At that time, there was no love between Jimmy and Joe Malone, the state treasurer. Actually, if Danny Aiello and Jerry Cooney, a one-time heavyweight contender, mated, their son would look just like Joe Malone. Joe had the machine at the liquor store taken out. At the lottery headquarters, they checked their machine, and all the balls that were used to draw numbers were weighed to see if we had somehow rigged it. It was a waste of time. The drawing was legit.
At a press conference, Joe said that the only winner who could have caused him more trouble would have been his mother. The press was certain that somehow Billy had put the fix in for his brother and that it was all part of an after-the-win scheme to launder dirty money. Again, they were wrong. But the truth also was that it caused us more heat than it was worth.
The media also worked hard trying to make up stories about Jimmy’s sexual orientation. But there wasn’t any truth to any of those stories. One photo of Jimmy that often appears in the press shows him bare-chested except for a vest, wearing a cowboy hat and holding a gun. It’s supposed to equate him with the Village People, when he really was with a woman. The photo was taken when he and Theresa were on vacation and they went into a vintage costume place where you put on old-fashioned garb and have your photo taken. They never show the part of the photo where Theresa is dressed as a saloon girl. It’s just easier for the press to take Jimmy’s part of the picture out of context and leave Theresa out of it. Actually, Theresa has the complete photo and won’t release it. She’s saving it for when she writes her book.

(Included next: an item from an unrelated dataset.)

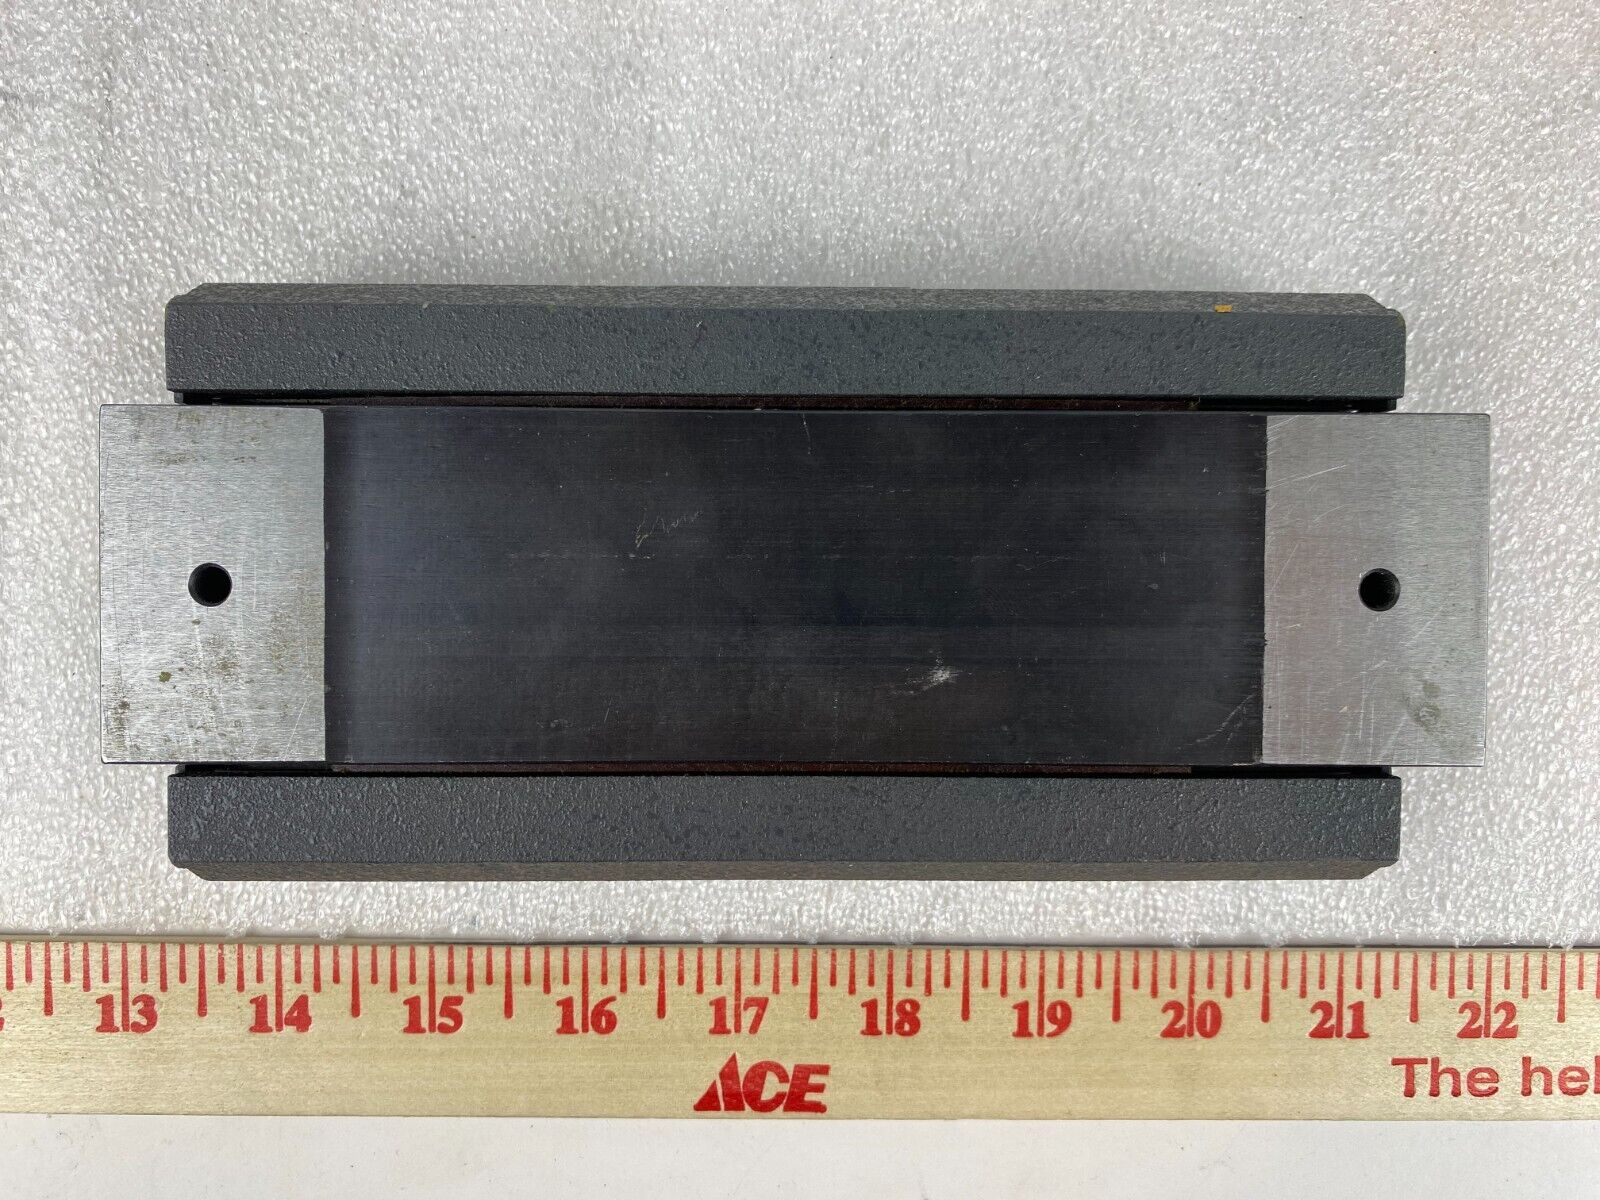 BALL-SLIDE AUTOMATION GAGES 3" X 7" LINEAR MANUAL MOTION STAGE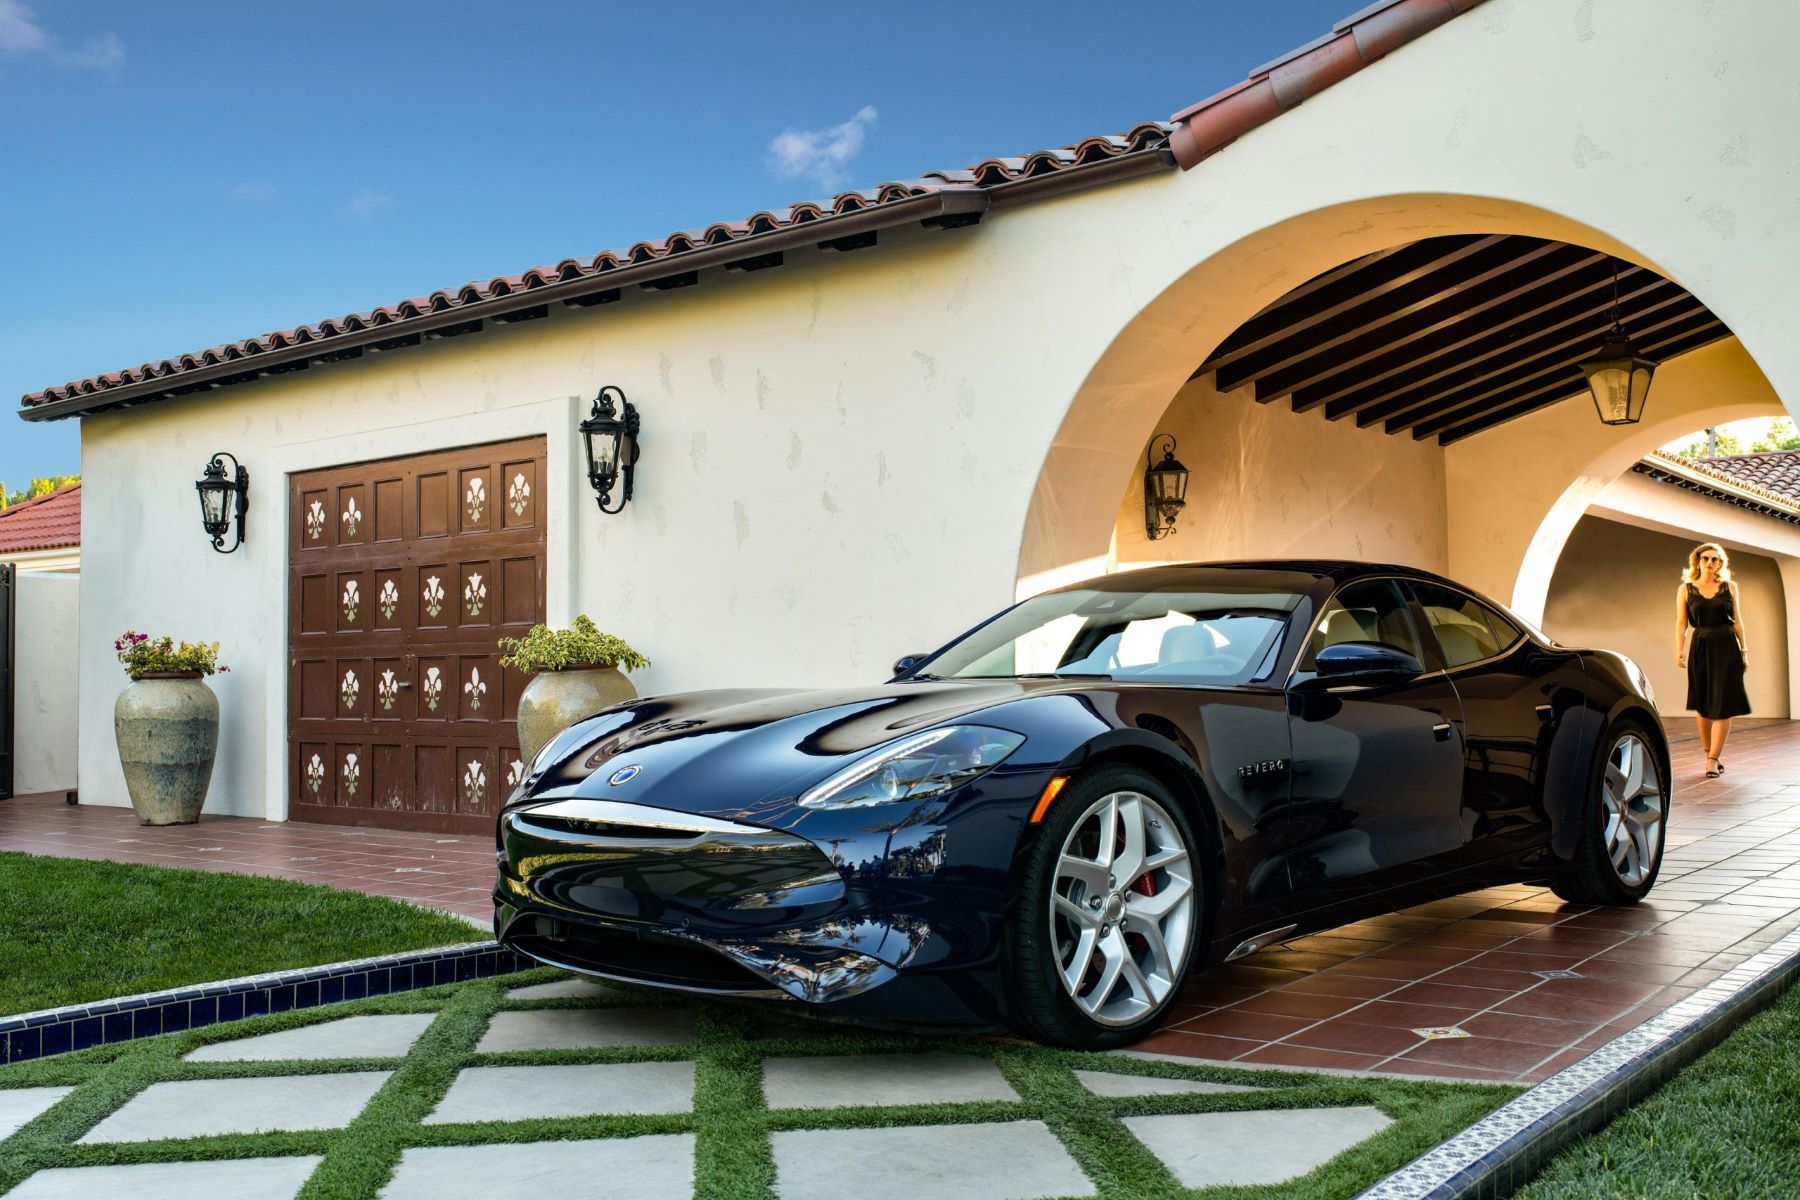 A black Karma Revero GT plug-in hybrid electric vehicle (PHEV) parked on the brick driveway of a luxury home

Despite their continuous attempt to grab pictures of us, Jimmy and I were pretty alert and managed to avoid nearly every photographer who hounded us. There is one photo of the two of us, however, that continually accompanies articles about either one of us, and is usually shown on the Whitey Bulger episodes of America’s Most Wanted. This one was taken by a Globe reporter who happened to stumble across the two of us one summer day when Jimmy and I were walking around Castle Island. I was wearing a white T-shirt with FILA across its front and Jimmy had on a Boston Red Sox cap. The minute we spotted the photographer, with his footlong telescopic lens stretched across the roof of his car, Jimmy and I both gave him dirty looks. Then, as I started running toward him, the photographer jumped into his car and took off. For all the years the photographers hounded us, that was one of only two photographs they ever got of the two of us together.
There was one incident, however, in which Jimmy and I managed to use the media to further our own interests. In 1990, we were interested in the race for governor of Massachusetts and were anxious to do whatever we could to hurt the campaign of lieutenant governor Francis X. Bellotti. Jimmy had never liked Bellotti and particularly blamed him for the failed investigation into the fire that took place at the Hotel Vendome on June 17, 1972. During the fire, nine firemen lost their lives when the southeast section of the hotel collapsed. Jimmy always believed that the investigation was whitewashed because Franchi Construction, which was doing the renovation of the hotel, was a political contributor to Bellotti. It had been reported that some of the support beams were illegally taken out and should never have been removed during the renovation.